**TASK GOAL**
Please print the full listing below exactly, but not the pictures in it.

**SUPPLIED DATA**
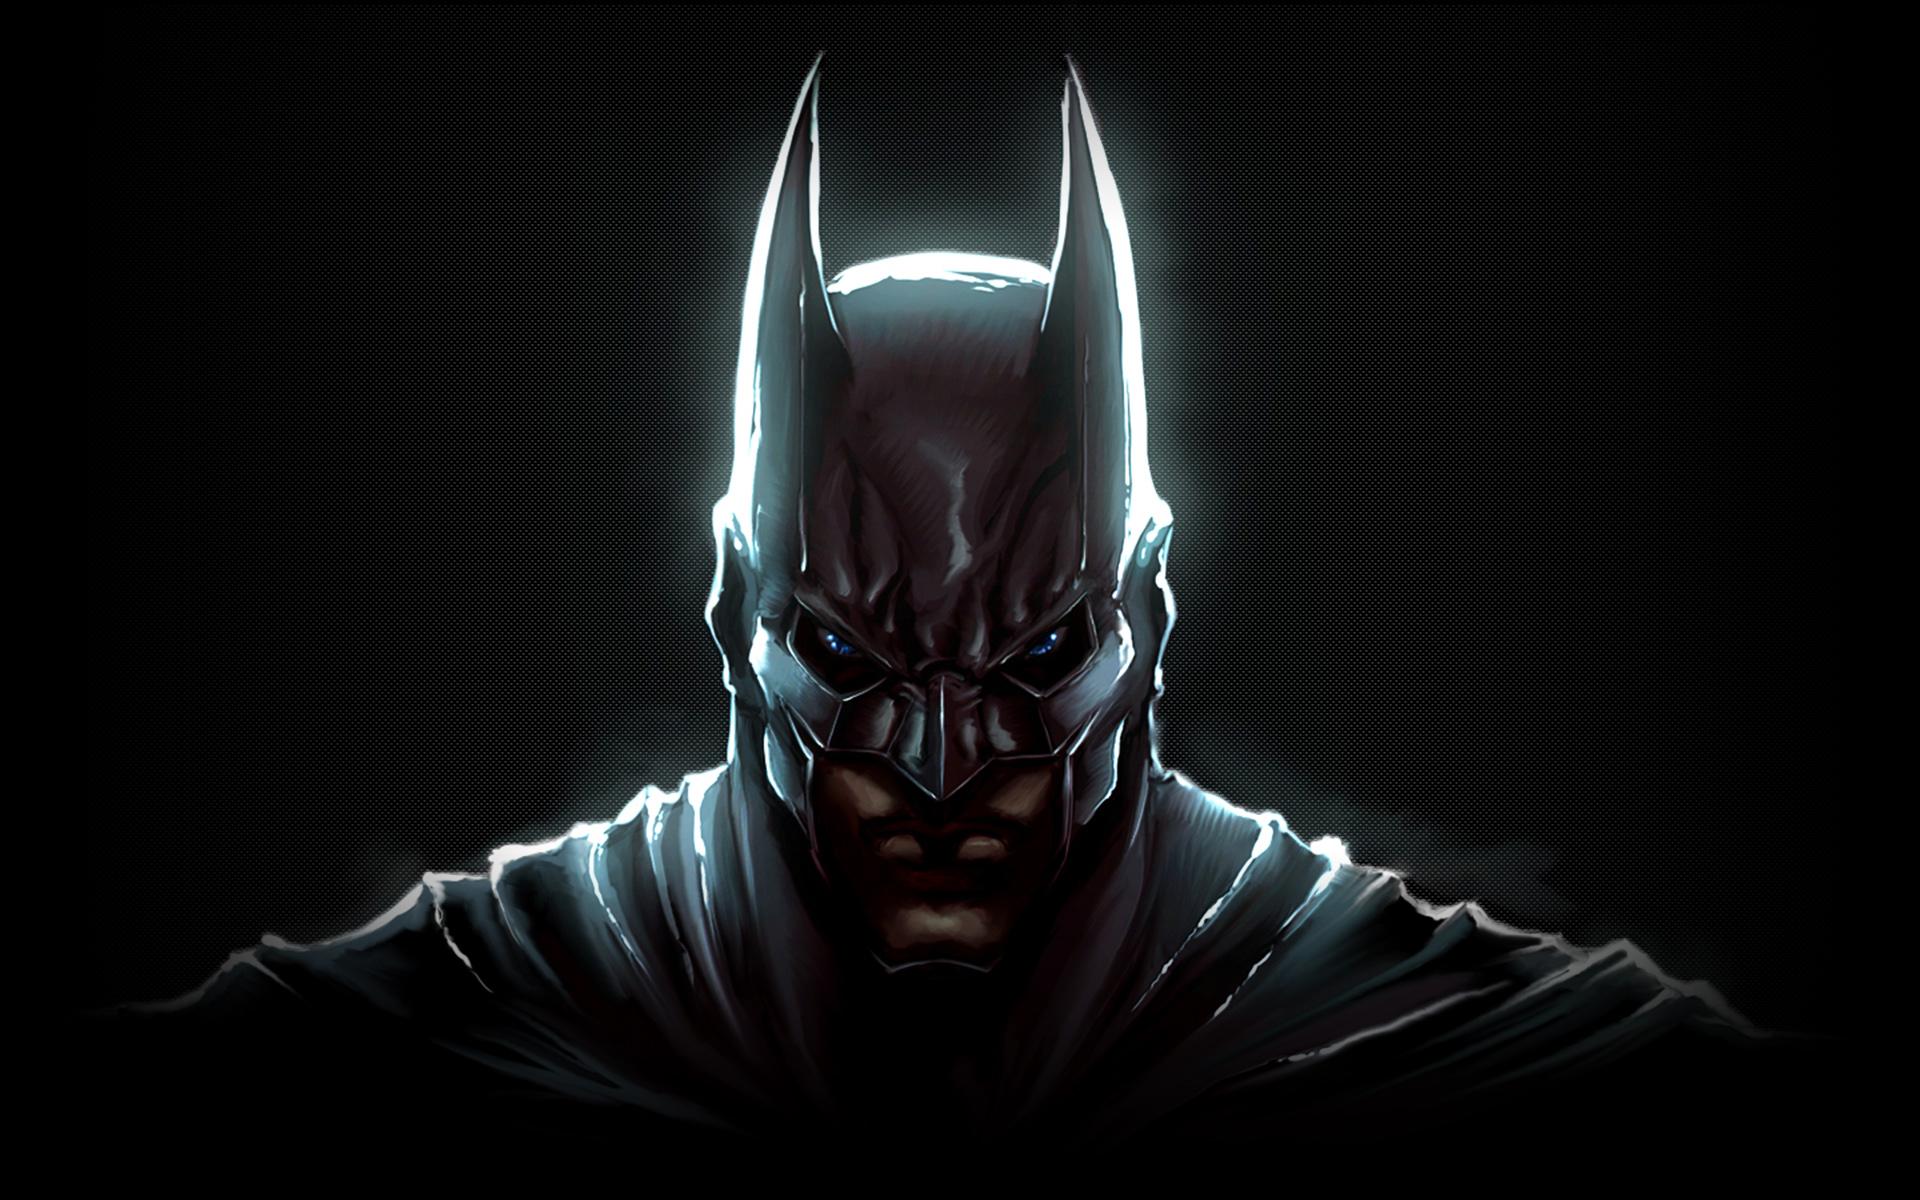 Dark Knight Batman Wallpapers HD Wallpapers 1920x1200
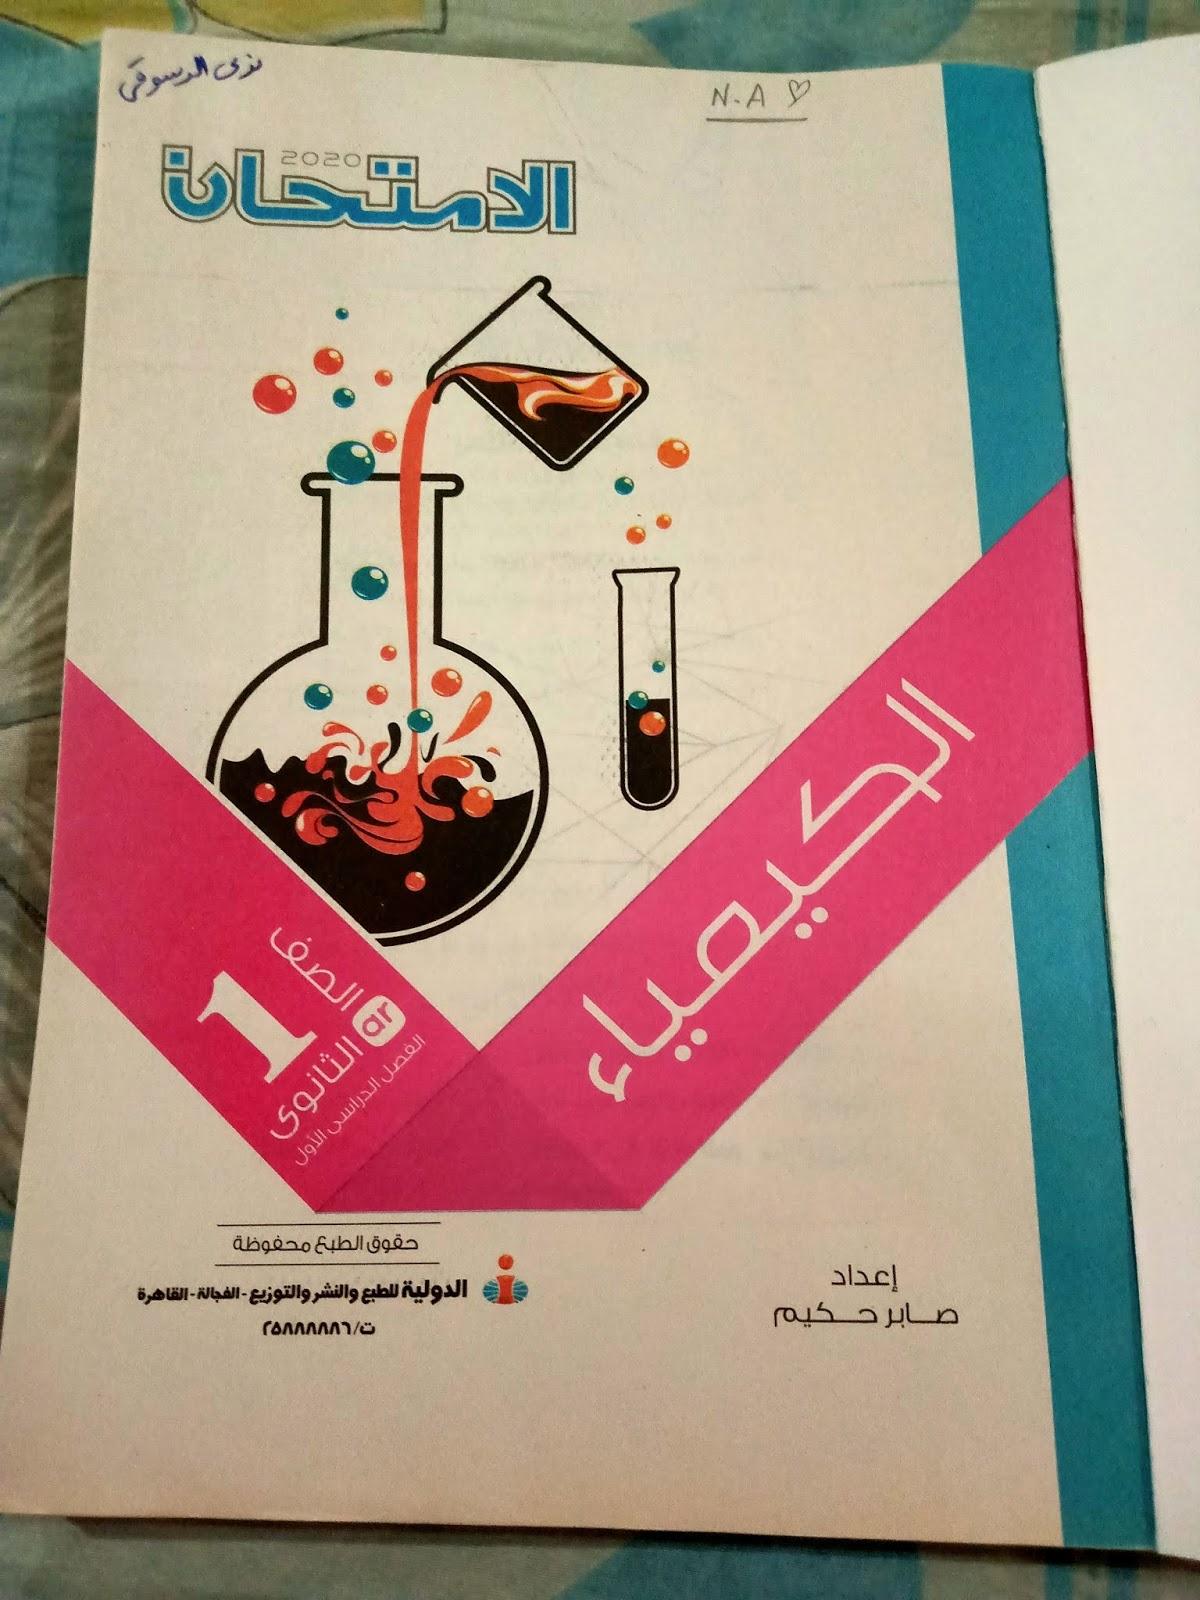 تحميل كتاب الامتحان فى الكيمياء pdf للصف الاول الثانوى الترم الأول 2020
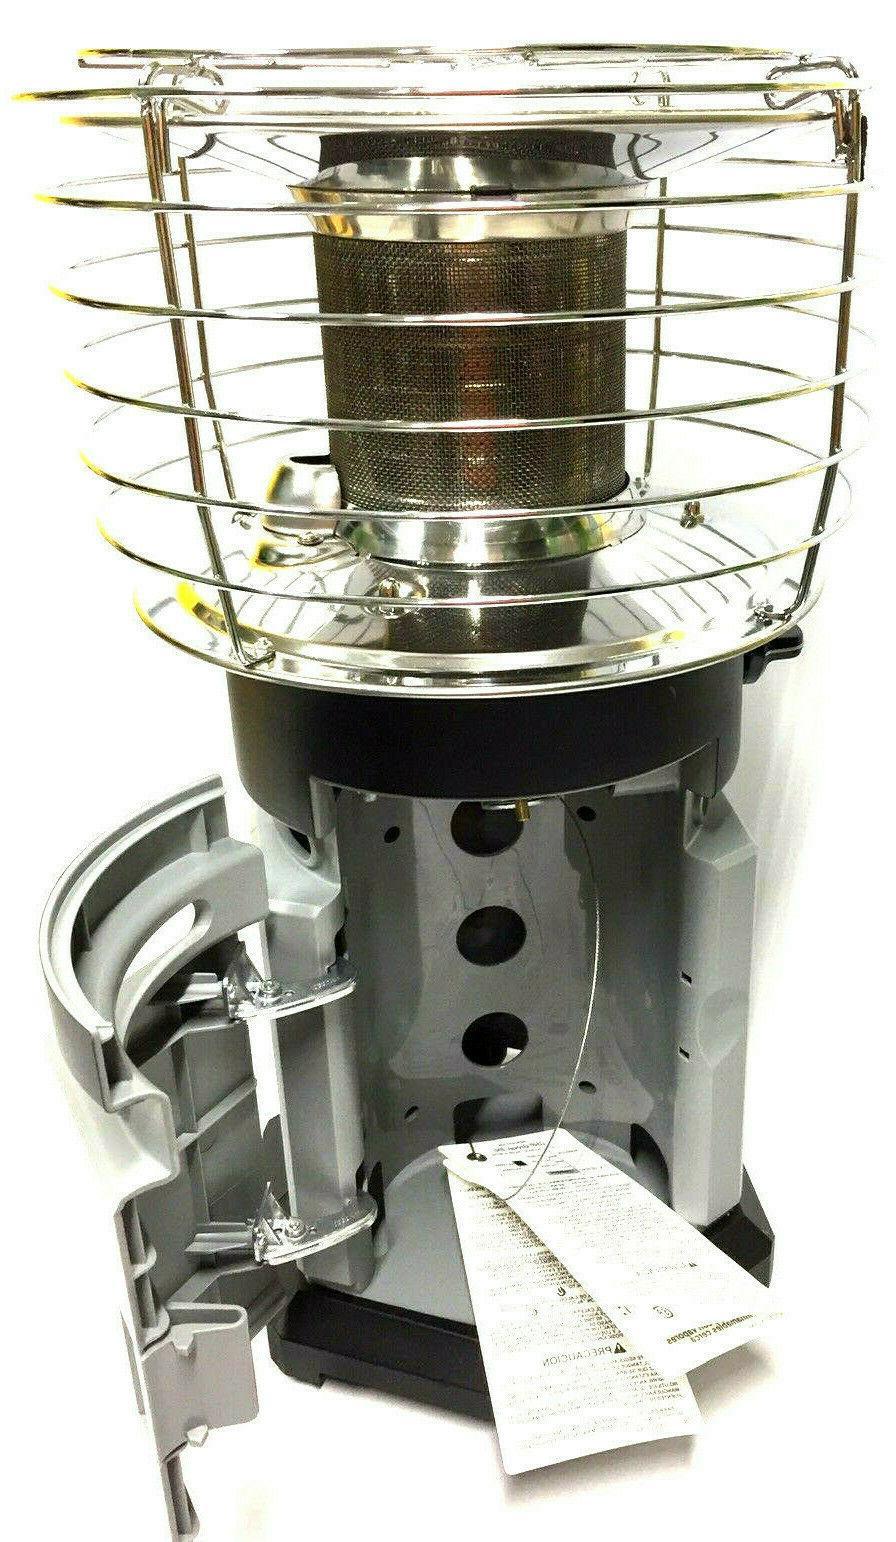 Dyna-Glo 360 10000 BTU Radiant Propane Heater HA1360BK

**RESPONSE TO THIS EXERCISE**
 Dark Knight Batman Wallpapers HD Wallpapers 1920x1200
 تحميل كتاب الامتحان فى الكيمياء pdf للصف الاول الثانوى الترم الأول 2020
 Dyna-Glo 360 10000 BTU Radiant Propane Heater HA1360BK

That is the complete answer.